Switched Beam Array with Butler Matrix
This example shows a switched beam array of 4 resonant dipoles. The beam switching is accomplished by using a 4-by-4 Butler matrix. The effect of the beam switching is shown by observing the outputs of 4 receiving antennas that are placed in the far-field of the array at the approximate azimuthal angles corresponding to the beam peaks. The effect of mutual coupling between the array elements on the transmit side is accounted for using S-parameters.
This example requires the following products:
RF Blockset
System Description
The system comprises of the following subsystems
A Signal source and port switch
A 4 X 4 Butler matrix implemented using directional couplers and phase shifters
Array coupling model to capture the mutual coupling between the dipole linear array
Channel transfer function model between linear array and the receiving antennas in the far-field
model = 'AtxSwitchedBeamArrayWithButlerMatrixModel';
open_system(model);
Butler Matrix
The Butler matrix is a type of analog beamforming network that can be constructed from purely passive devices like directional couplers and phase shifters. The number of input and output ports in a Butler matrix are equal. The output ports are connected directly to each antenna element. Depending on the input port which is excited, the signals on the output ports are phase-shifted such that the beam switches in direction.
open_system([model '/Butler Matrix'], 'force');
Array Mutual Coupling Model, Channel, and Receiving Antenna Output
The transmit side comprises of a 4 element linear array of resonant dipoles spaced half-wavelength apart.

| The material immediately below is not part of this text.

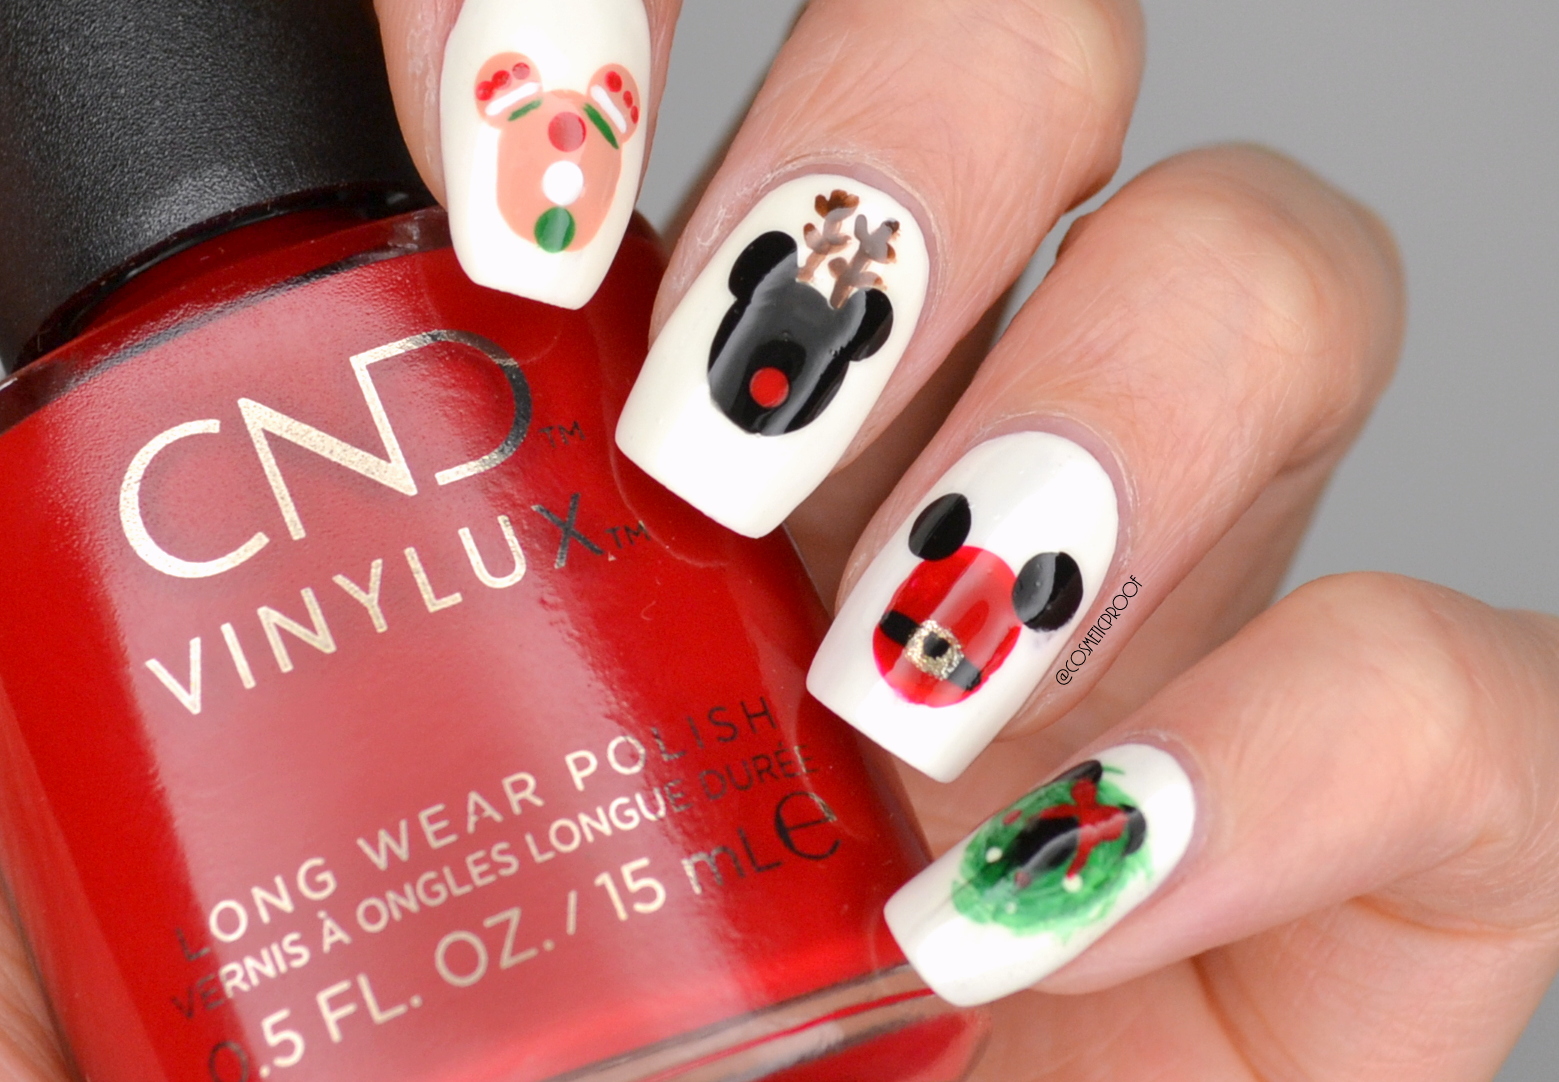 9. "Oh My Disney" Nail Art Videos by YouTube - wide 3

There are 4 receiving antennas, resonant dipoles, placed in the far-field of this array. These 4 dipoles are placed in the azimuthal plane at 15 degrees, 45 degrees, 315 degrees and 345 degrees. The locations correspond to the expected beam peaks from the switched beam array output. The response at each of these far-field receiving antenna elements is computed as a superposition of the contributions from each antenna element in the 4-element transmit array. The channel is assumed to be free-space. To capture the interactions on the transmit side and the transfer function from the transmit to receive antennas, we compute the overall scattering parameters for the transmit-receive system. This is done by using the conformalArray in Antenna Toolbox. The resulting 8-port S-parameter matrix is loaded into the S-parameters block in RF Blockset. The first 4 ports correspond to the transmit side antenna elements and the ports 5-8 belong to the individual receiving antennas in the far-field.
open_system([model '/Tx-Rx Array Coupling Model'], 'force');
Run Simulation
In the simulation, switch the input port that gets driven with the signal by using the repeating staircase sequence generator. Each port is excited for 0.1 ms. Depending on the port that gets excited, the array main beams switch in direction. This can be seen in the output signal levels at each receiving antenna. Within a 0.1 ms block of time, 1 out of the 4 received signals dominates the remaining three indicating the effect of the beamforming.
sim(model)
bdclose(model);
clear model;